Robot 100 may include one or more modules, at least some of which are described herein. The modules may be implemented as computer-readable program code that, when executed by processor(s) 110, implement one or more of the various processes described herein. One or more of the modules may be a component of processor(s) 110, or one or more of the modules may be executed on or distributed among other processing systems to which processor(s) 110 is operatively connected. The modules may include instructions (e.g., program logic) executable by processor(s) 110. Alternatively, or in addition, data store(s) 115 may contain such instructions.

In one or more arrangements, one or more of the modules described herein may include artificial or computational intelligence elements, e.g., neural network, fuzzy logic, or other machine learning algorithms. Further, in one or more arrangements, one or more of the modules may be distributed among a plurality of the modules described herein. In one or more arrangements, two or more of the modules described herein may be combined into a single module.

Detailed embodiments are disclosed herein. However, it is to be understood that the disclosed embodiments are intended only as examples. Therefore, specific structural and functional details disclosed herein are not to be interpreted as limiting, but merely as a basis for the claims and as a representative basis for teaching one skilled in the art to variously employ the aspects herein in virtually any appropriately detailed structure. Further, the terms and phrases used herein are not intended to be limiting but rather to provide an understandable description of possible implementations. Various embodiments are shown in FIGS. 1-4, but the embodiments are not limited to the illustrated structure or application.

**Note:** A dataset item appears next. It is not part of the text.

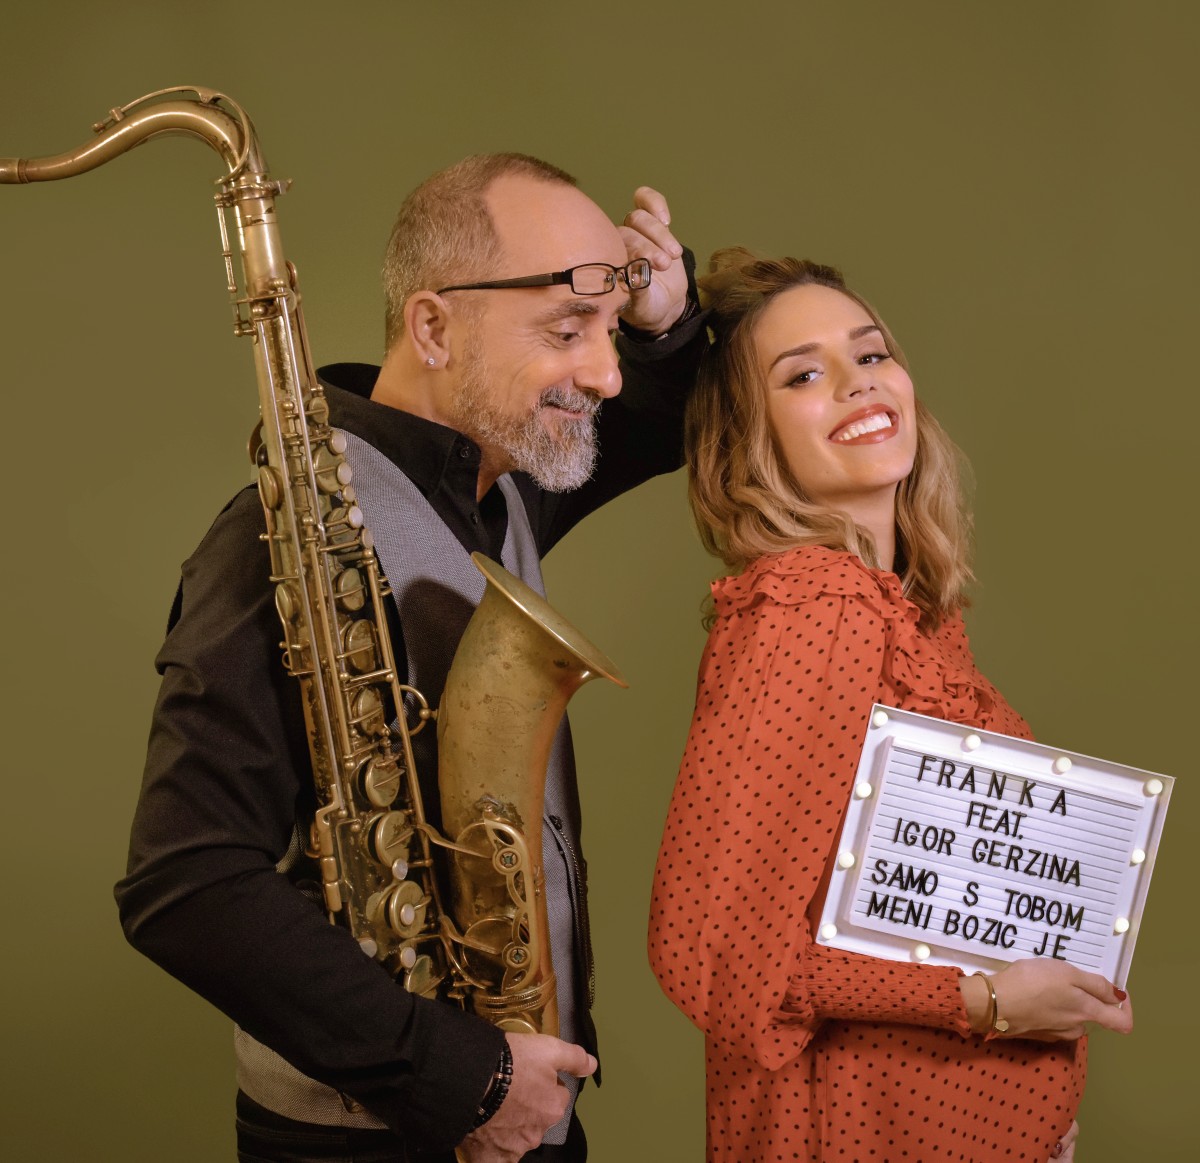 Frankina božićna bajka u suradnji sa saksofonistom Igorom Geržinom

The flowcharts and block diagrams in the figures illustrate the architecture, functionality, and operation of possible implementations of systems, methods, and computer program products according to various embodiments. In this regard, each block in the flowcharts or block diagrams may represent a module, segment, or portion of code, which comprises one or more executable instructions for implementing the specified logical function(s). It should also be noted that, in some alternative implementations, the functions noted in the block may occur out of the order noted in the figures. For example, two blocks shown in succession may, in fact, be executed substantially concurrently, or the blocks may sometimes be executed in the reverse order, depending upon the functionality involved.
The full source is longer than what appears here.